◆ **PROVIDED ENTRIES**:
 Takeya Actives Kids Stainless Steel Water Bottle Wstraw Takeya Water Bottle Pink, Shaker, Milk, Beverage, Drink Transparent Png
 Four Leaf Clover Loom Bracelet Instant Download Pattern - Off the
--
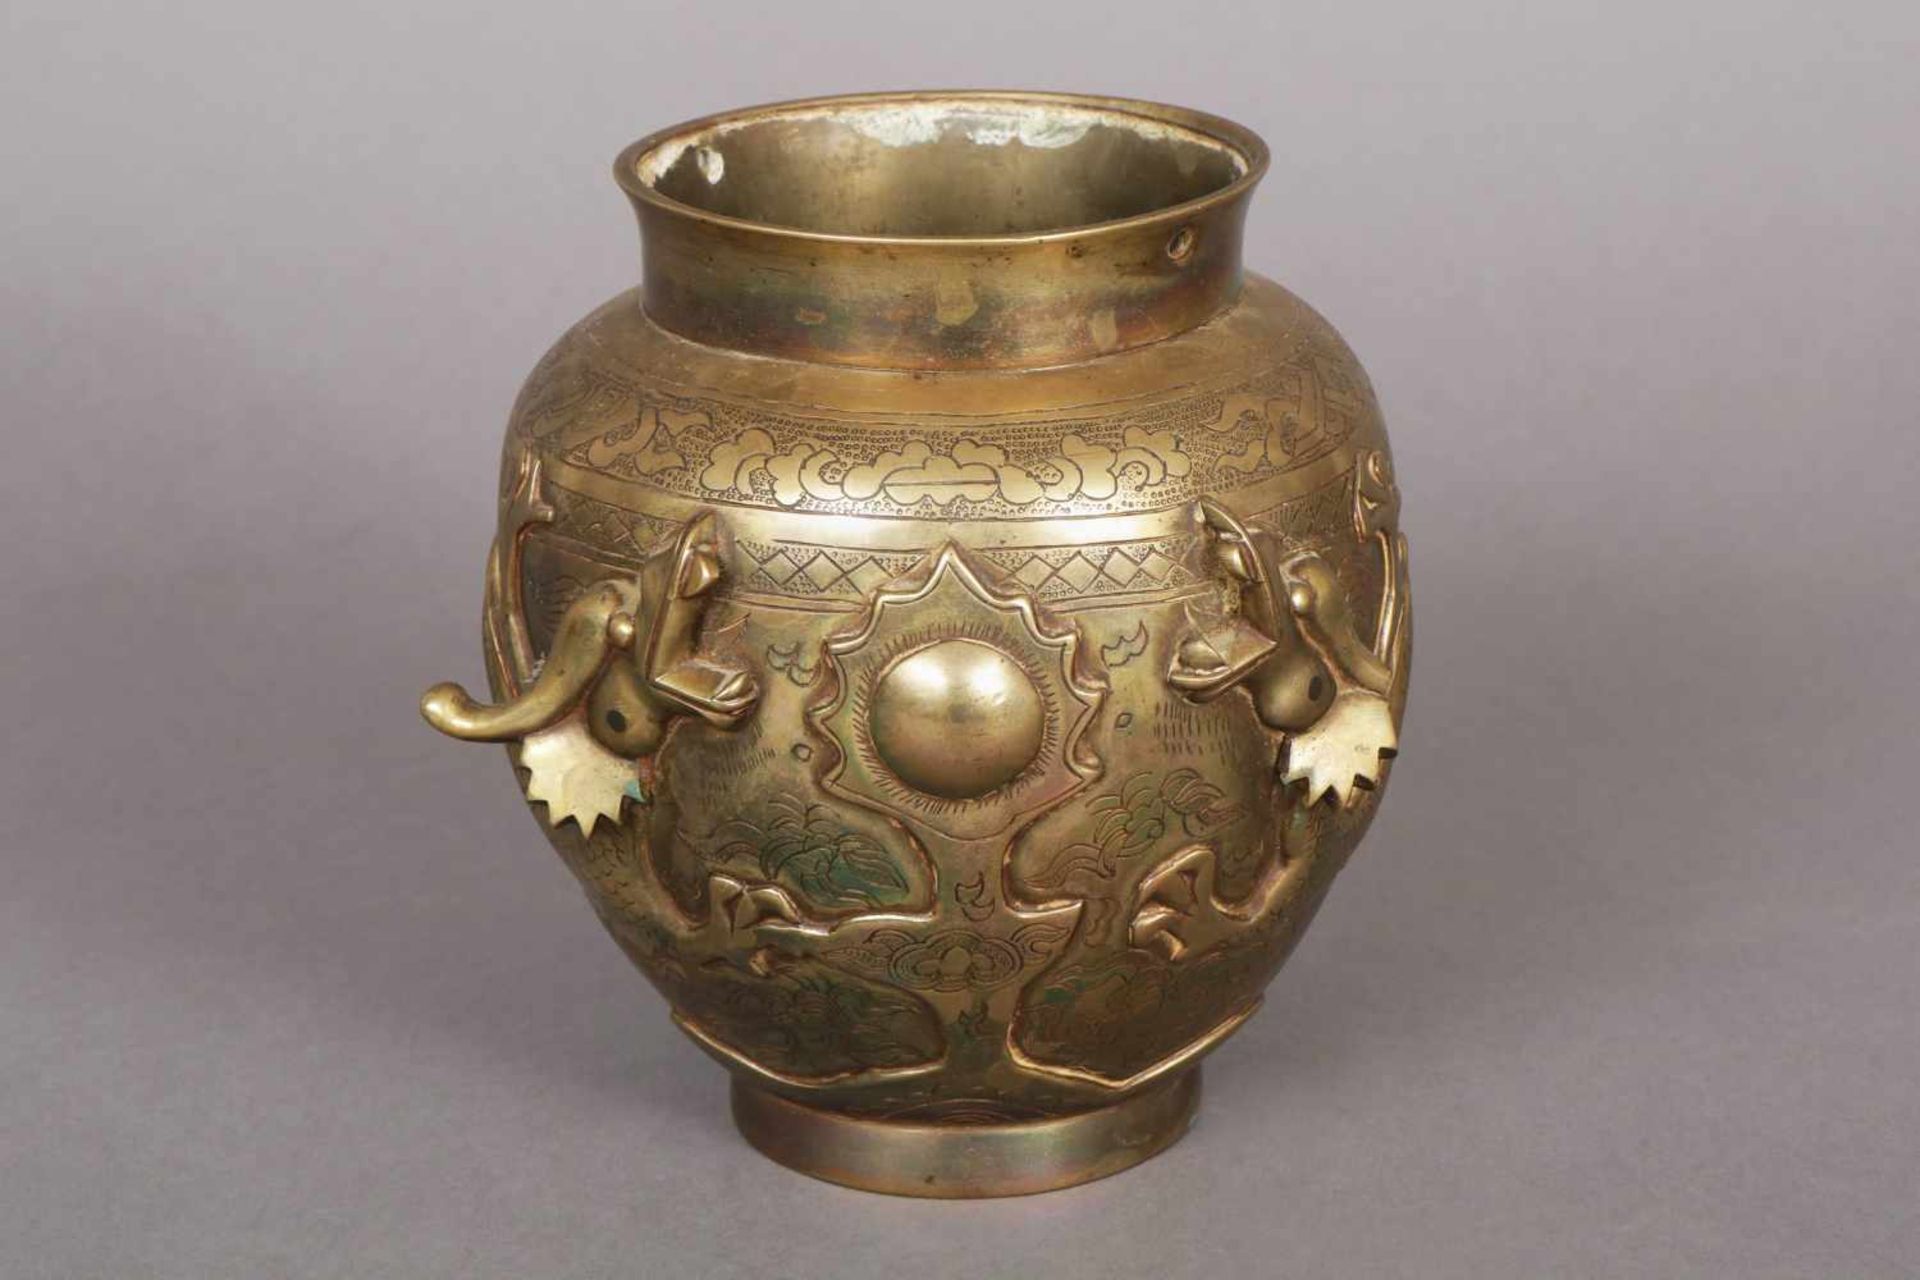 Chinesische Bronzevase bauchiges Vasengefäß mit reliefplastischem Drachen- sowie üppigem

◆ **INSTRUCTIONS FOR THE TASK**: The required output is the stretch of entries above from the line containing "Takeya Actives Kids" through the line containing "Four Leaf Clover", reproduced exactly.

◆ **OUTPUT FOR THIS EXERCISE**:
 Takeya Actives Kids Stainless Steel Water Bottle Wstraw Takeya Water Bottle Pink, Shaker, Milk, Beverage, Drink Transparent Png
 Four Leaf Clover Loom Bracelet Instant Download Pattern - Off the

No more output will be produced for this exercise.